Now, under one cover, here come six more. The temerity of it! What outspoken revolutionary upstart would propose reversing a host of recent Supreme Court decisions in five areas and in a sixth, impatiently shoo the Court along the trend of its judgments?

Why, it’s retired Associate Justice John Paul Stevens, a moderate Republican when President Gerald Ford nominated him for the high court in 1978. This gentle justice insists that the court changed far more than he did over his 35-year tenure.

He concludes: “… rules crafted by a slim majority of the members of the Supreme Court have had such a profound and unfortunate impact on our basic law that resort to the process of amendment is warranted.” So, what rulings would Justice Stevens change and why?

He would disallow gerrymandering. Political districts honor natural boundaries, reflect past voting patterns, protect minority representation … but also, as he shows in diagrams,  are often drawn in “bizarre shapes” serving no purpose except to enhance one party’s political power. The result is that the votes that count are not cast in general elections, but in partisan primaries. This “leads candidates, whether liberal or conservative, to adopt more extreme positions.” Winners who face less vulnerability in a district’s general election have less incentive once in office to take political risks and engage in compromises. What results is debilitating polarization and, to cite just one example, government shutdowns.

He would authorize Congress to regulate spending on campaigns. By equating political money with free speech as a constitutional right, the Court has been striking down congressional limits on spending by candidates and their supporters. This amendment would return to Congress the power to deal effectively with campaign finance.

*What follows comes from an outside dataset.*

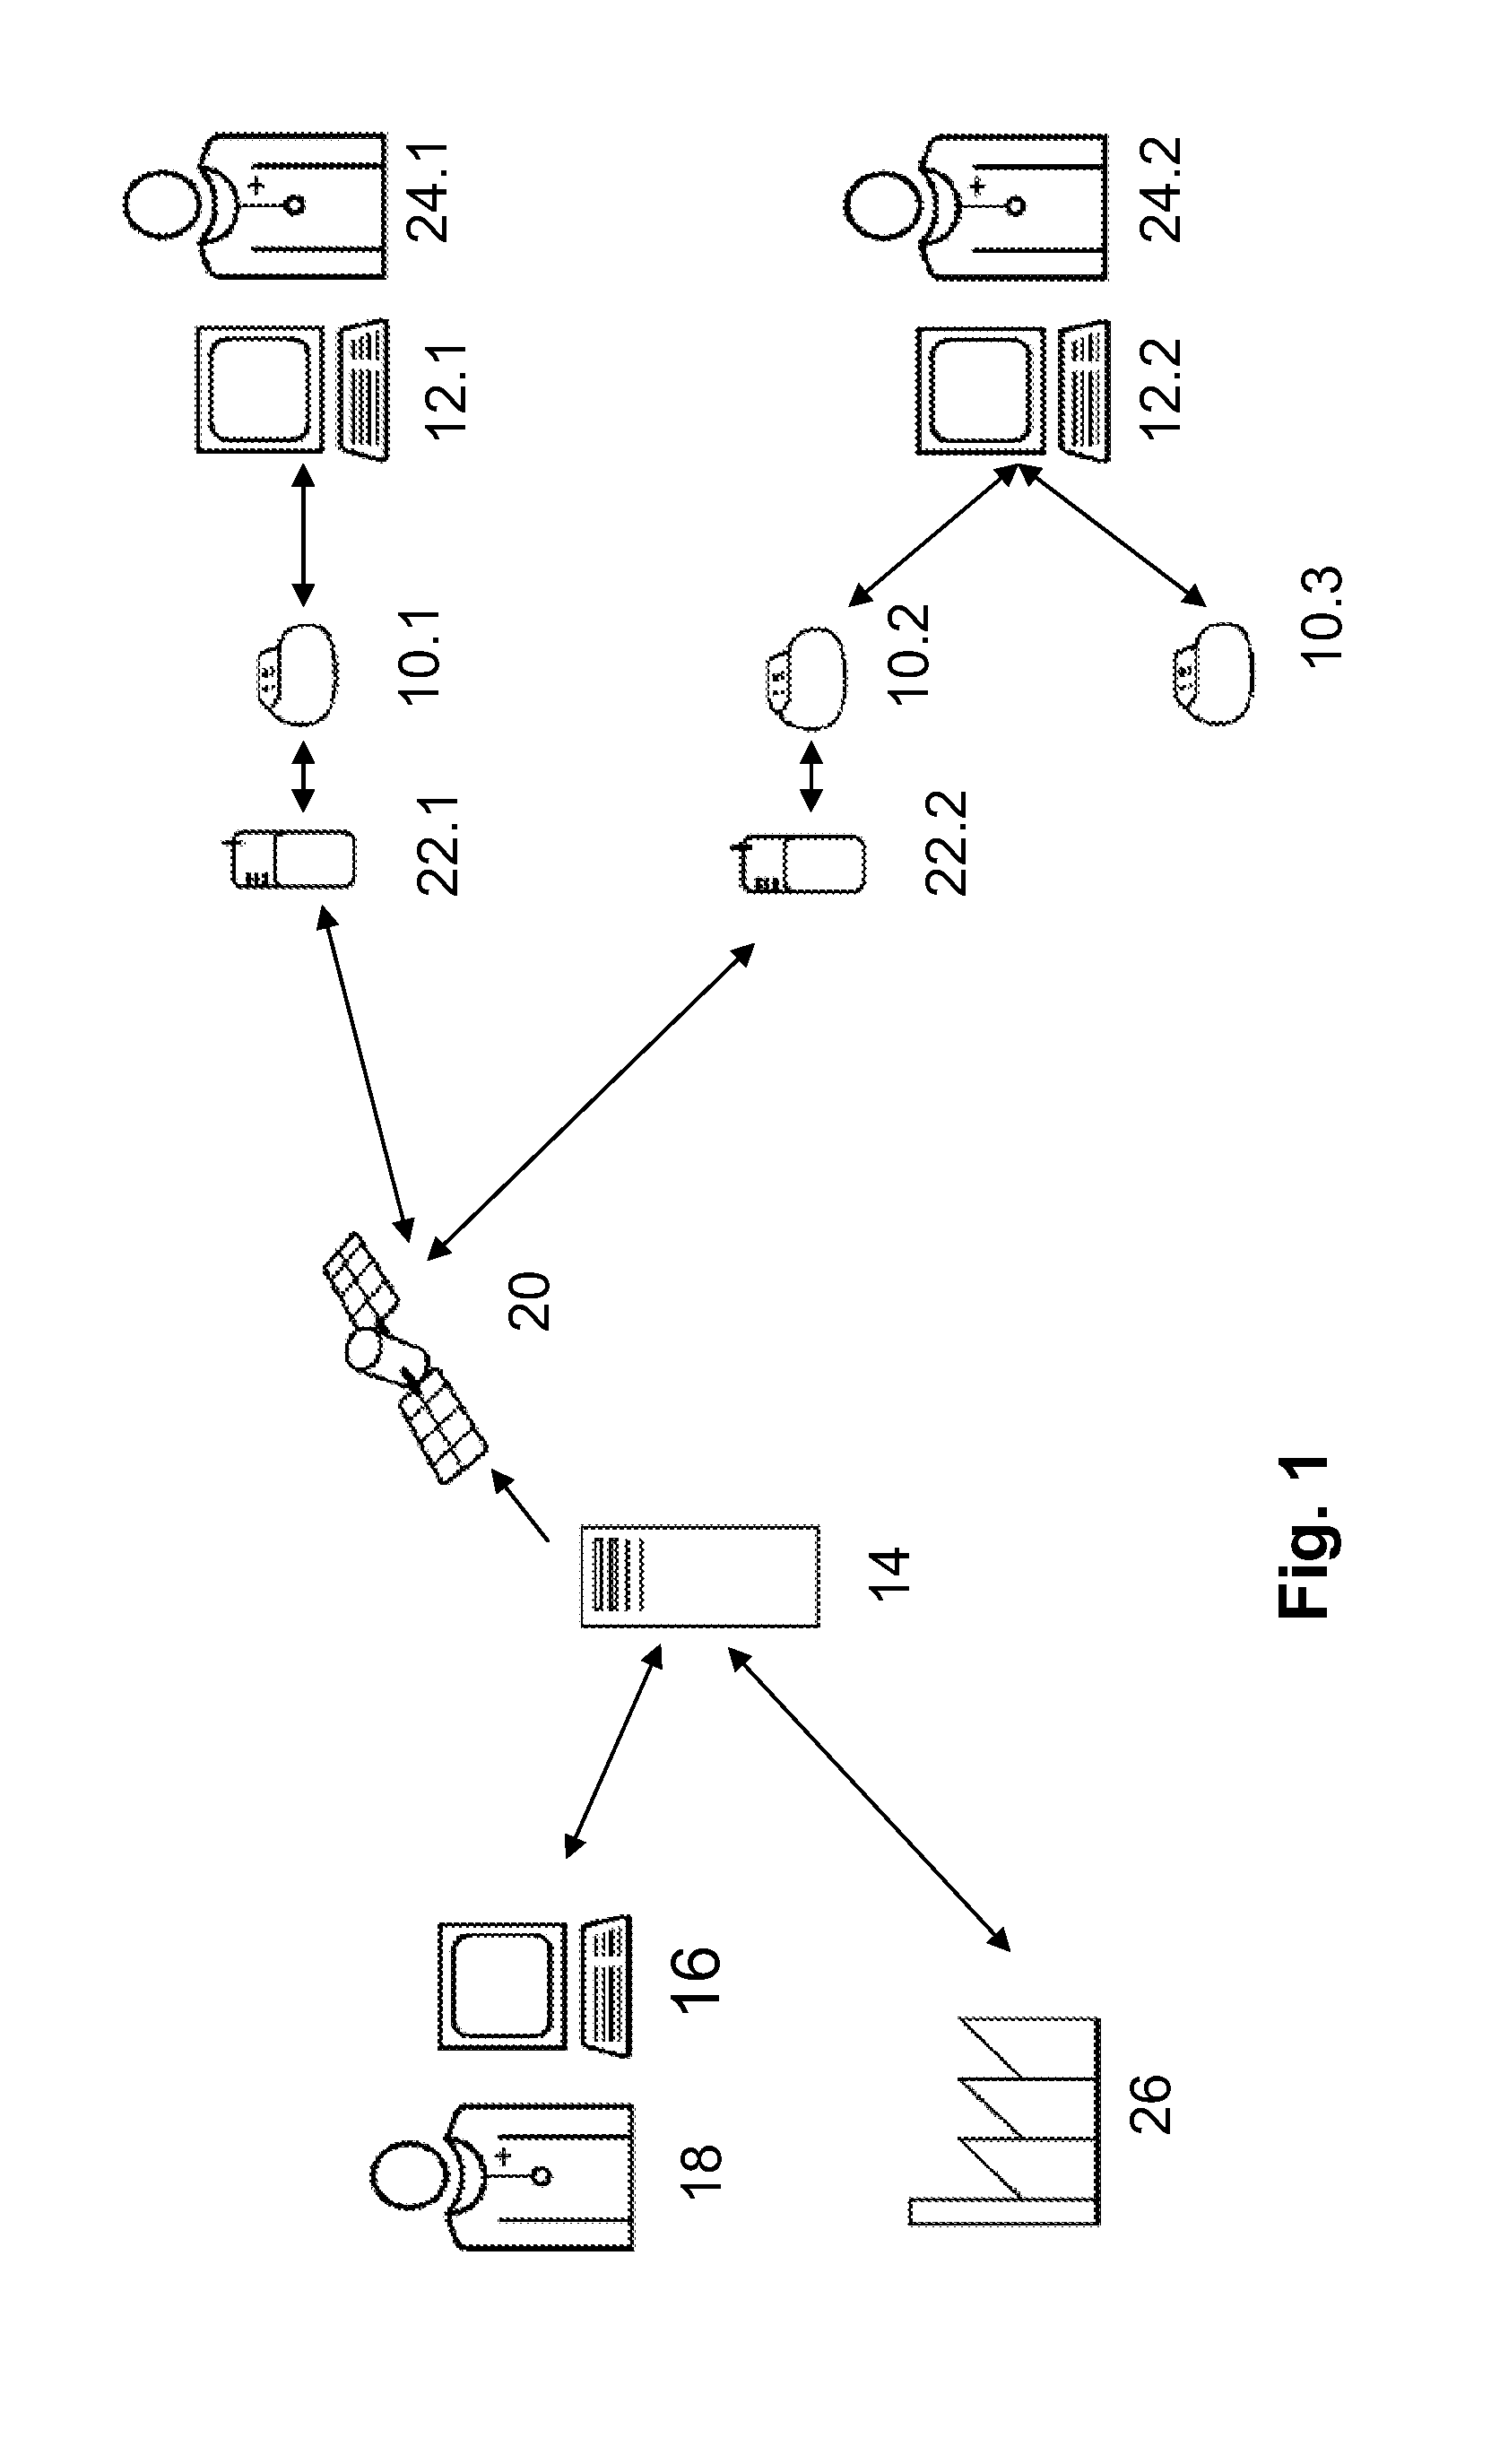 Medical implant having at least two data communication channels

Convinced that capital punishment has no value as a deterrent, he would “expedite the demise of the death penalty” by labelling it cruel and unusual punishment. While many death convictions have ultimately been reversed for legal flaws, Justice Stevens will not tolerate even one mistake.

He would restrict the Second Amendment right to keep and bear arms to members of state militias, leaving the regulation of an individual’s gun rights to state and Federal legislatures. “Constitutional provisions that curtail the legislative power in this area unquestionably do more harm than good.”

The justice would require all state public officials to abide by acts of Congress and constitutional decisions of the U.S. Supreme Court. The Constitution’s Supremacy Clause now requires that only of state judges. The result, he argues, has been application of states rights that defy lawful Federal legislation on the premise that cooperation by state officials cannot be commandeered.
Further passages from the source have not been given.